+++ DATASET SECTION +++
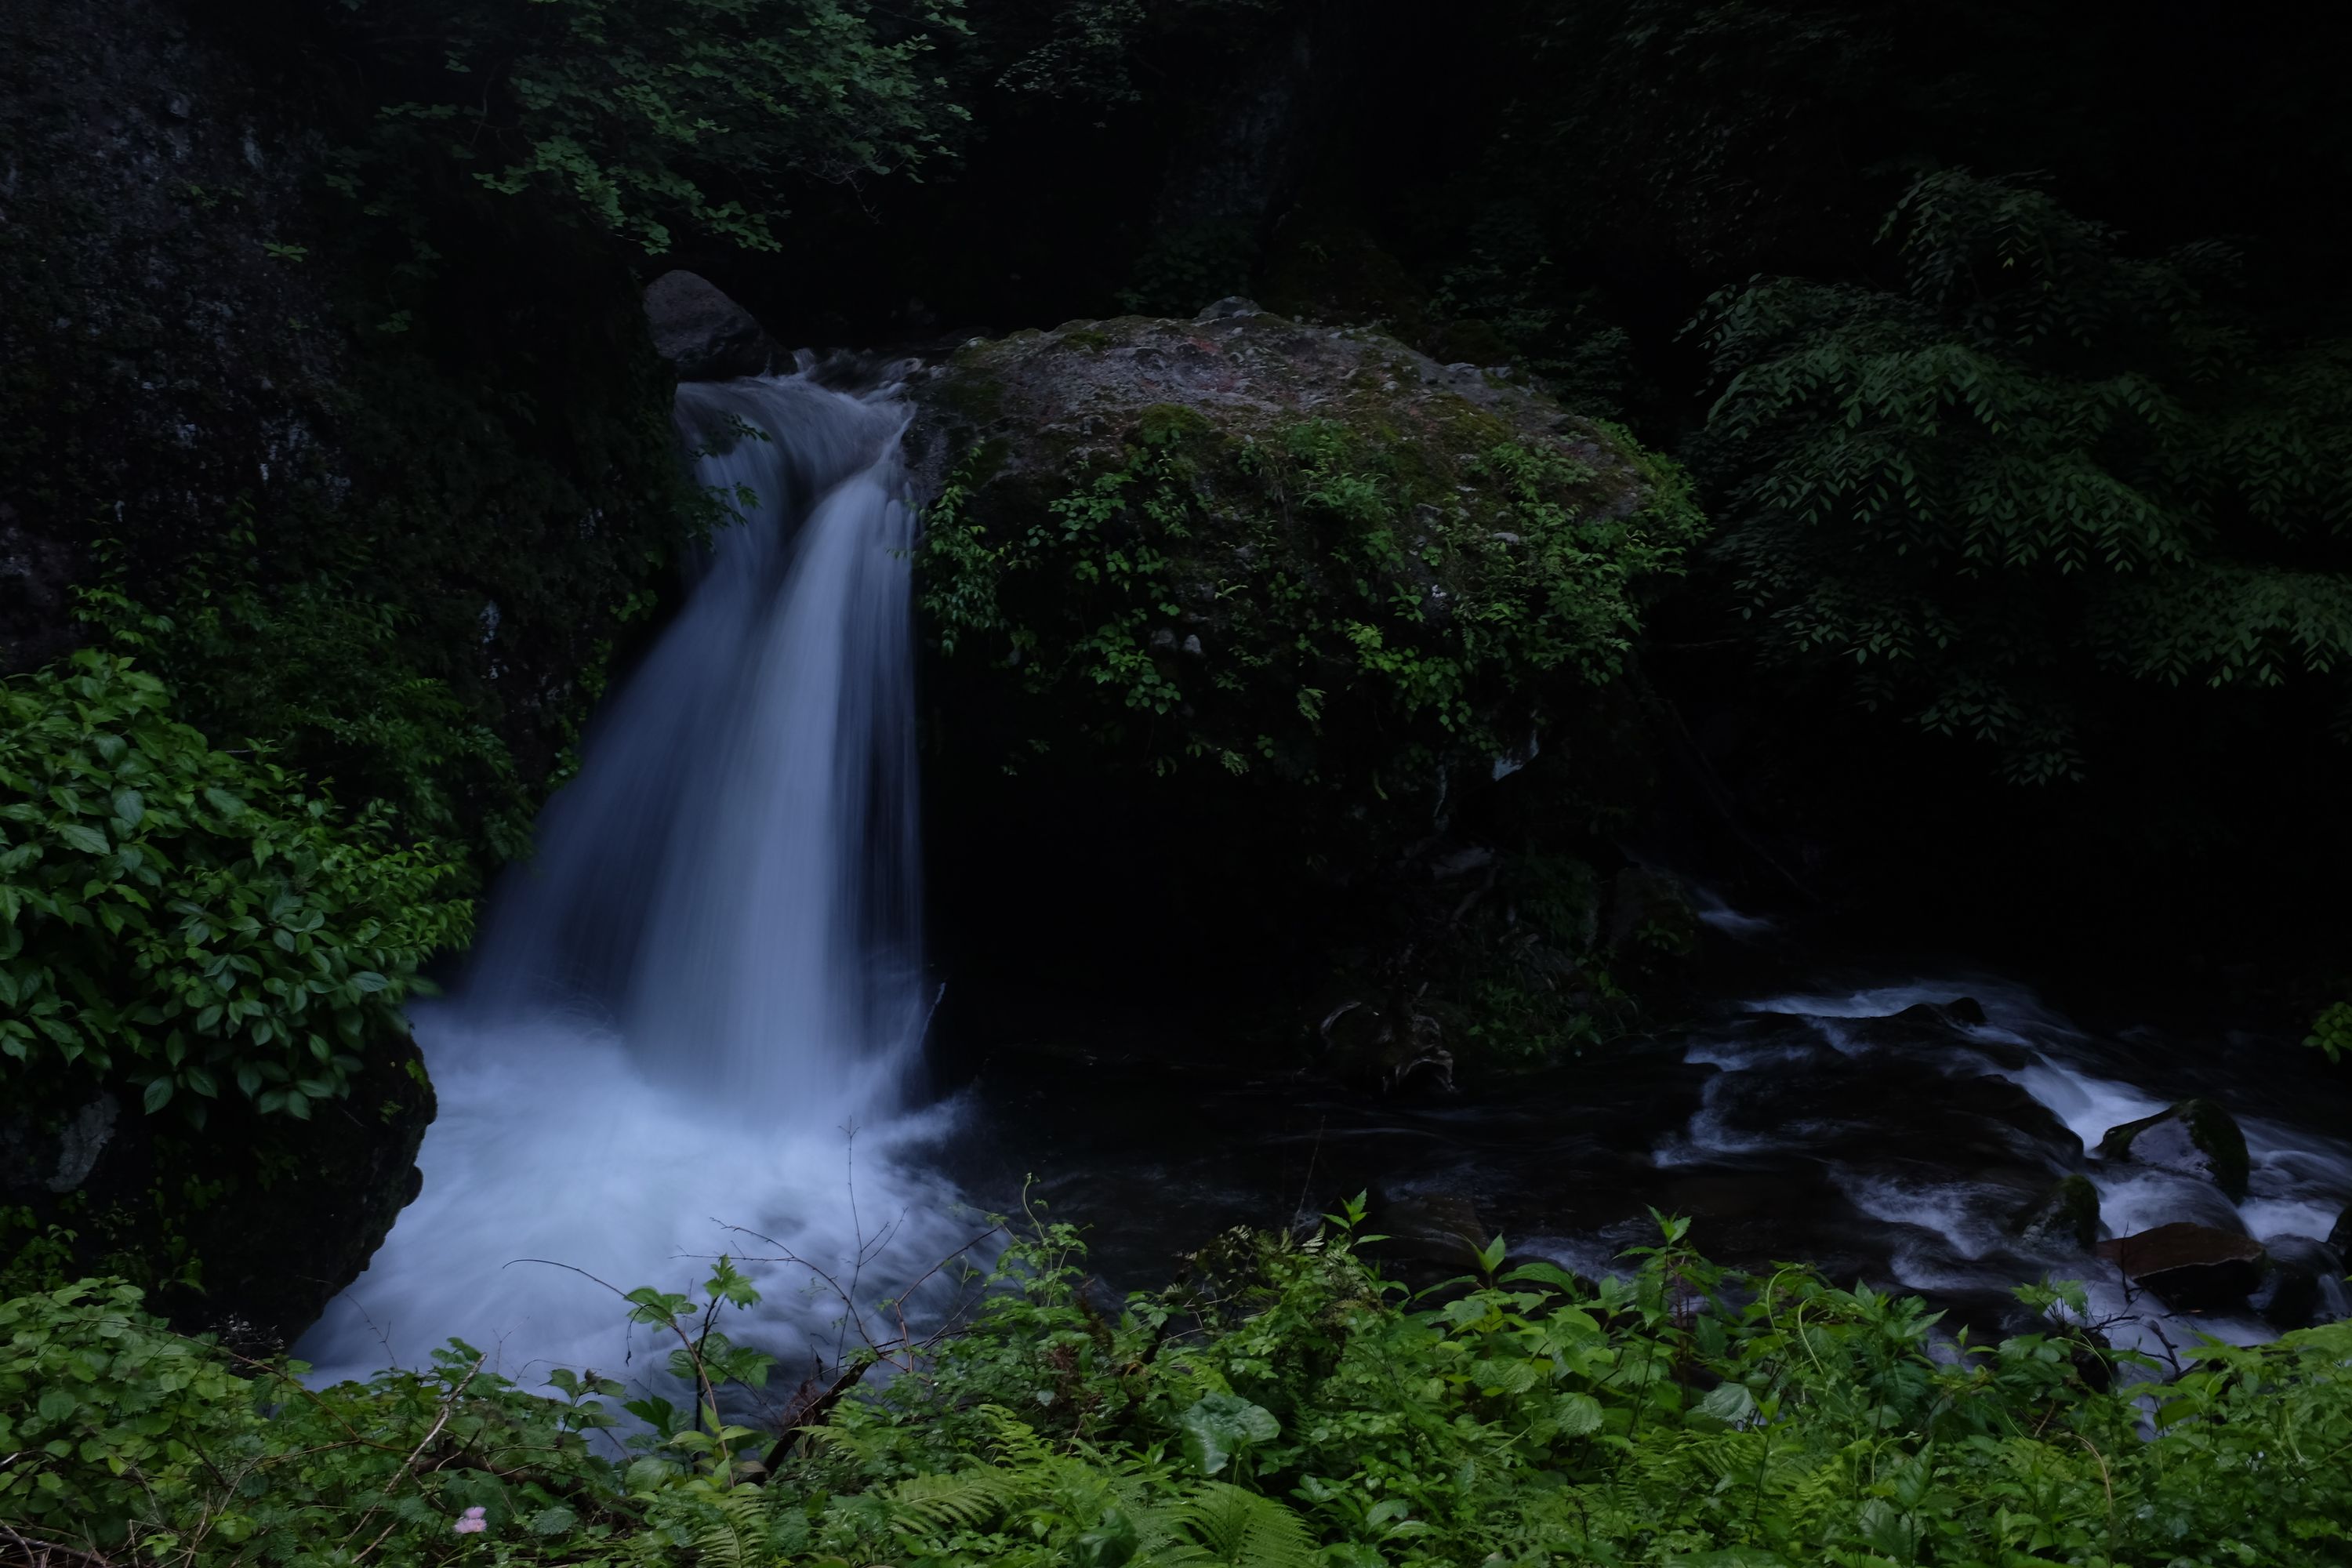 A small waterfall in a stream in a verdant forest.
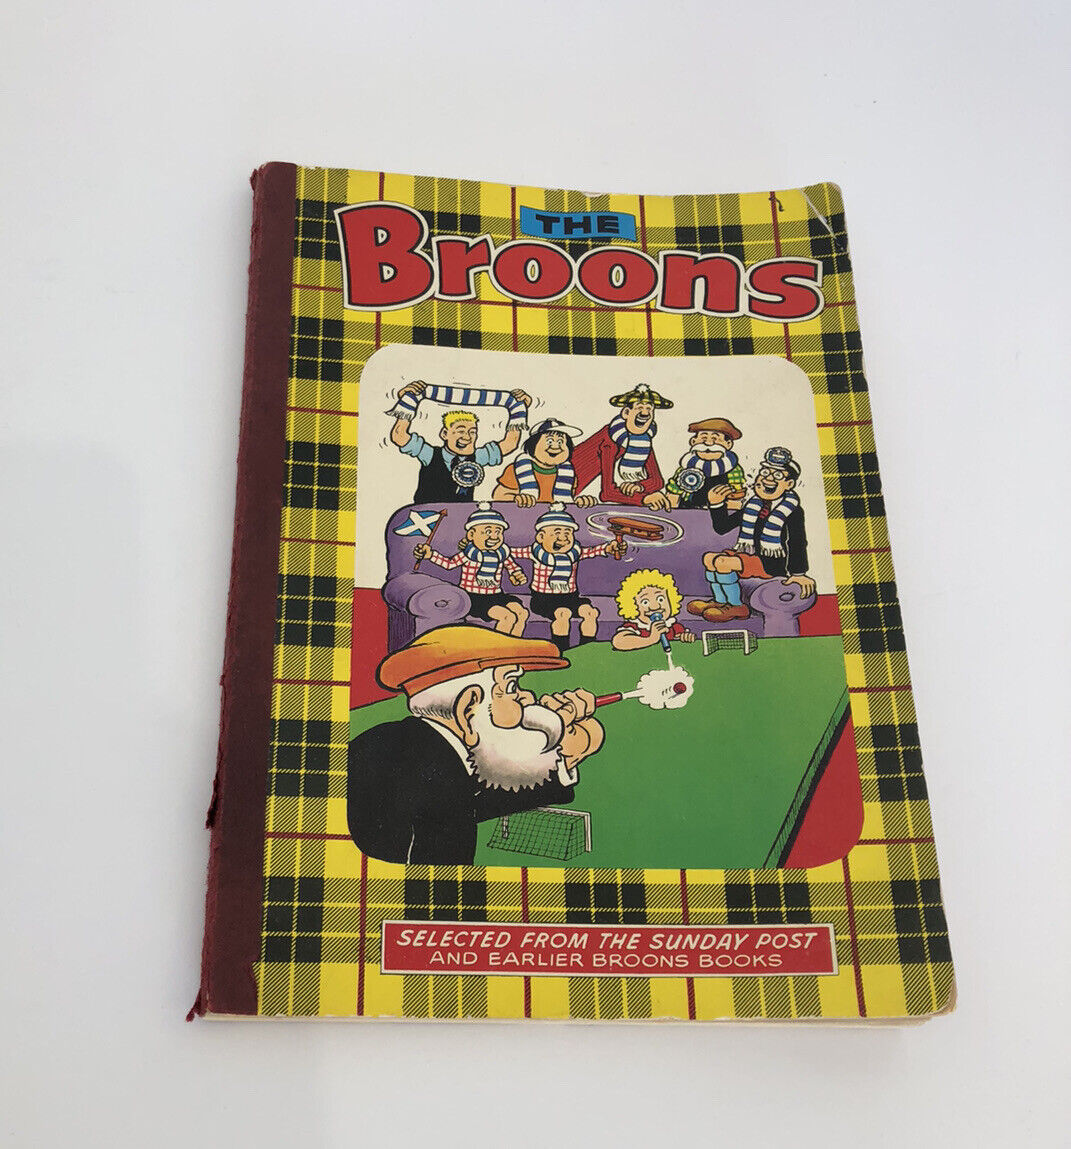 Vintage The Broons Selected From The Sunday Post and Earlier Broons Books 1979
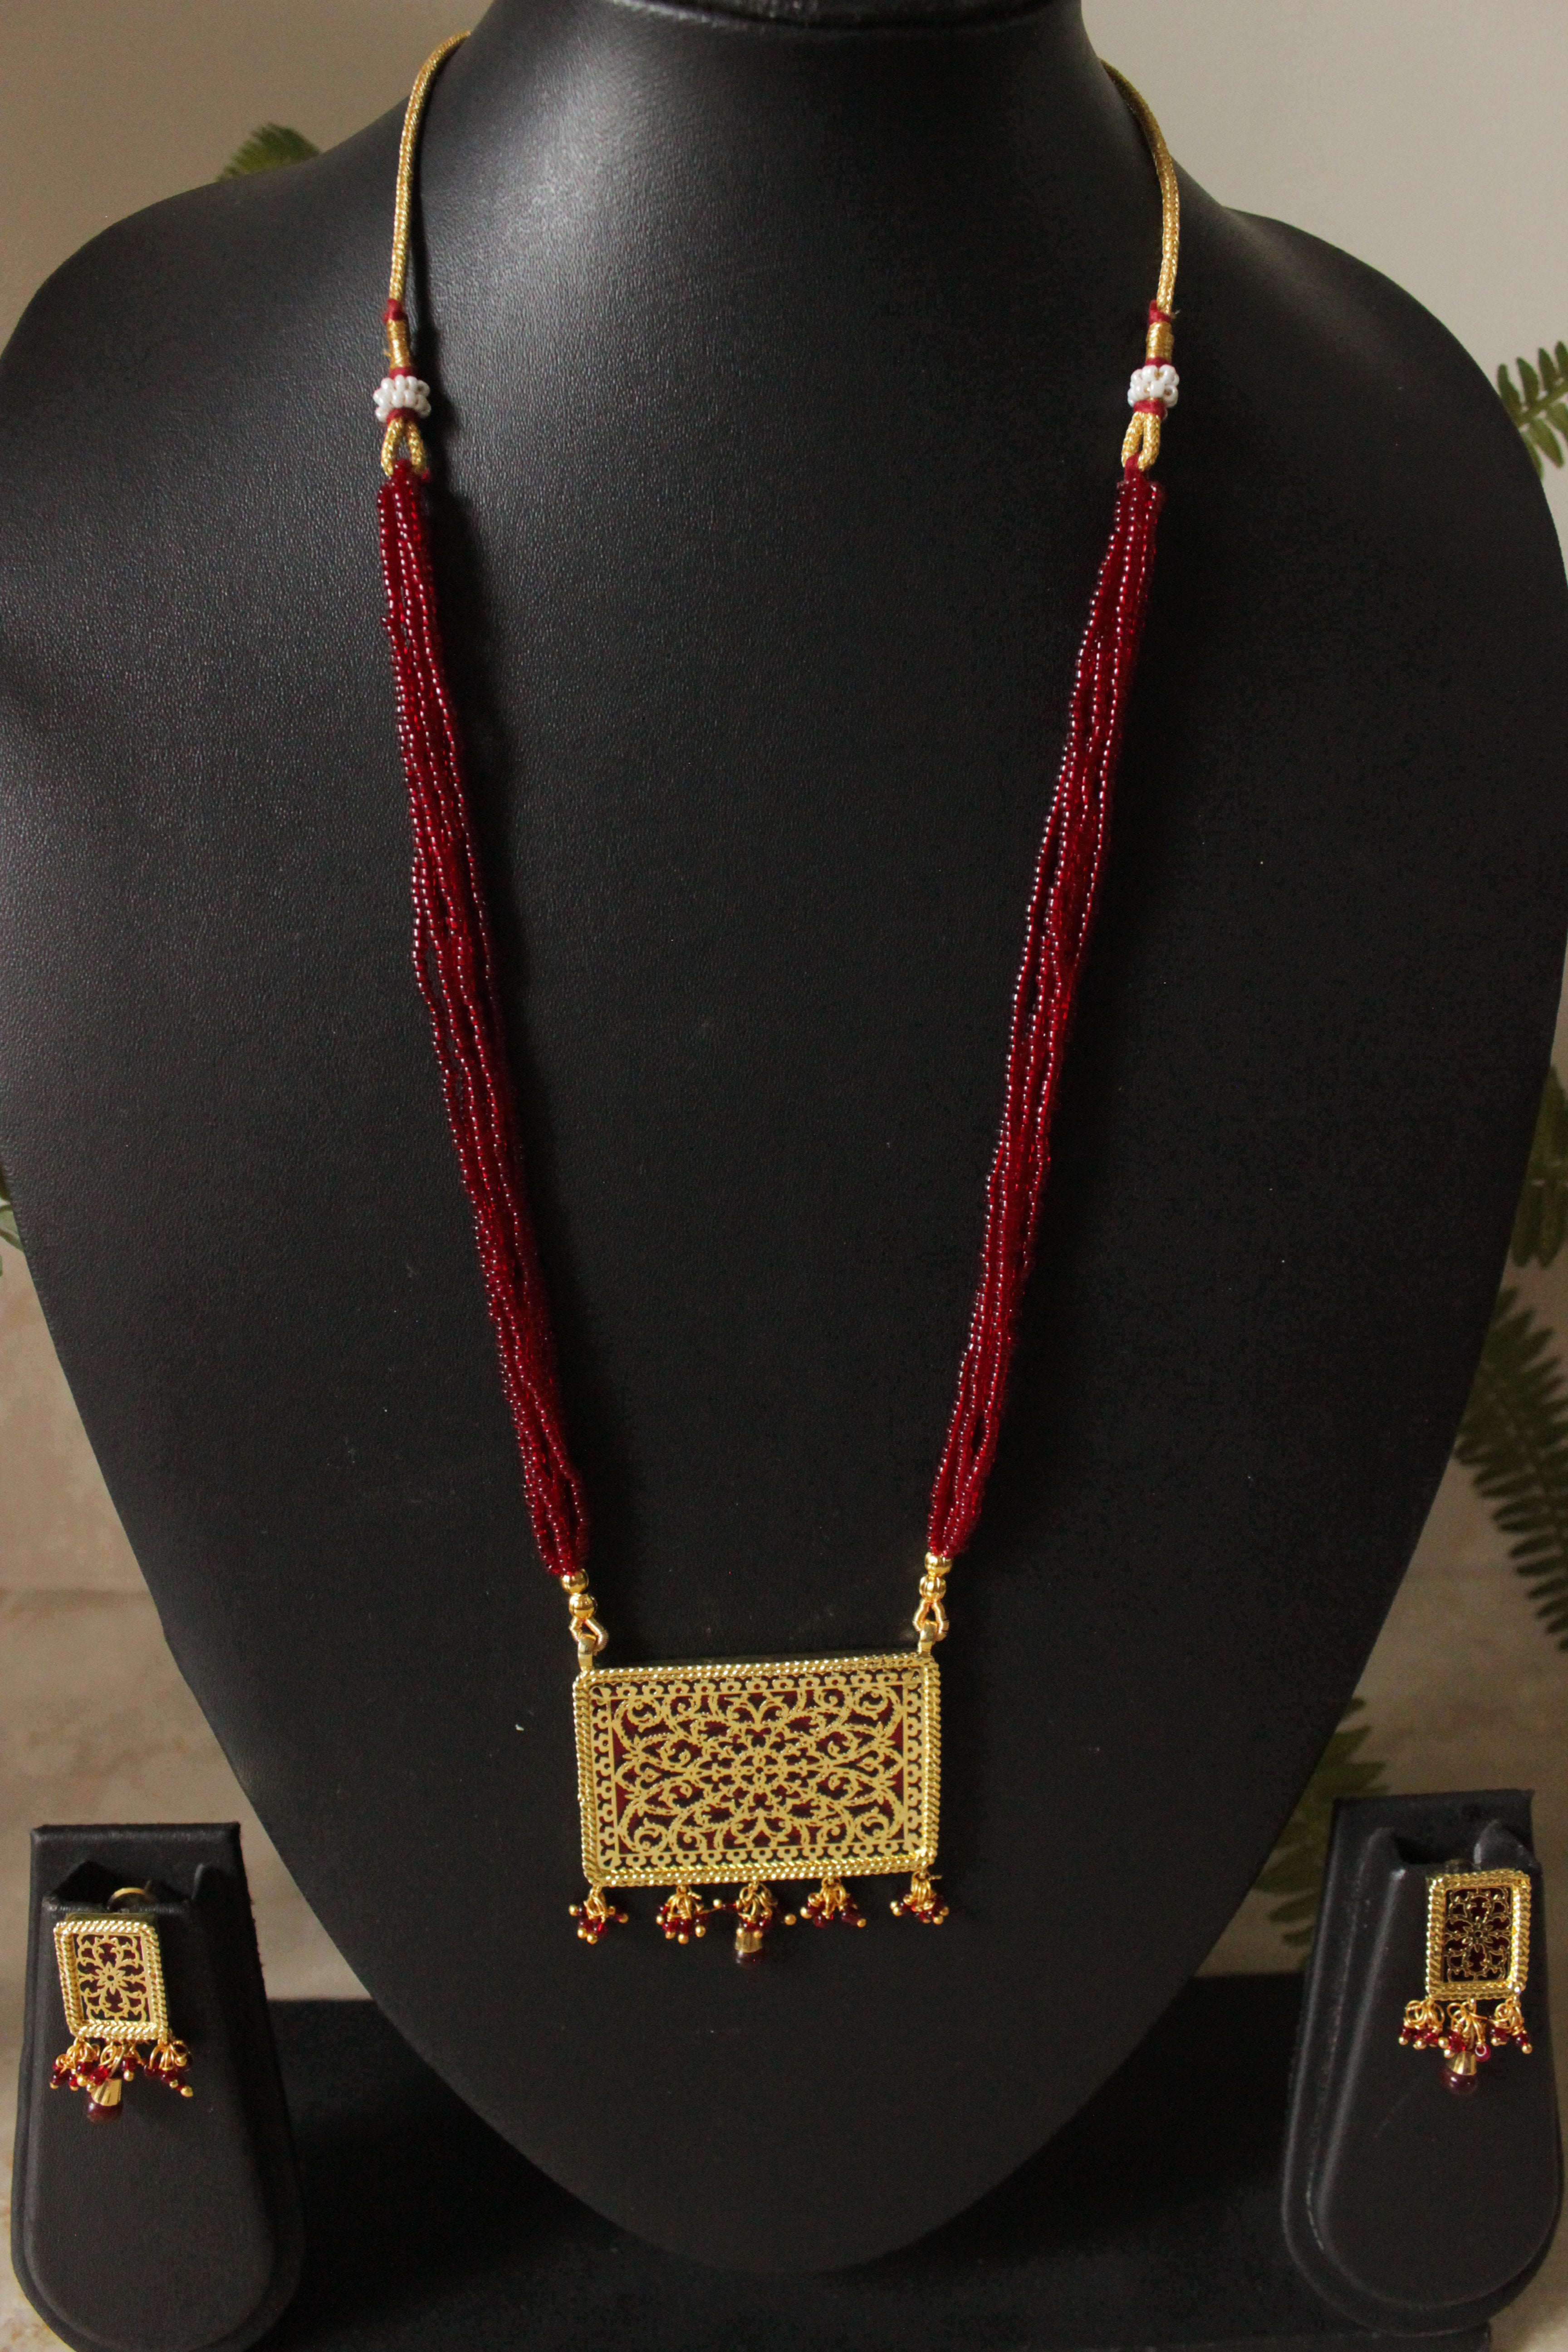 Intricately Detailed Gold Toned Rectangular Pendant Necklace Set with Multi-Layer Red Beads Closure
+++
• **DIRECTIONS**
Using the data above, write out every line exactly, leaving the images behind.

• **TASK RESPONSE**
 A small waterfall in a stream in a verdant forest.
 Vintage The Broons Selected From The Sunday Post and Earlier Broons Books 1979
 Intricately Detailed Gold Toned Rectangular Pendant Necklace Set with Multi-Layer Red Beads Closure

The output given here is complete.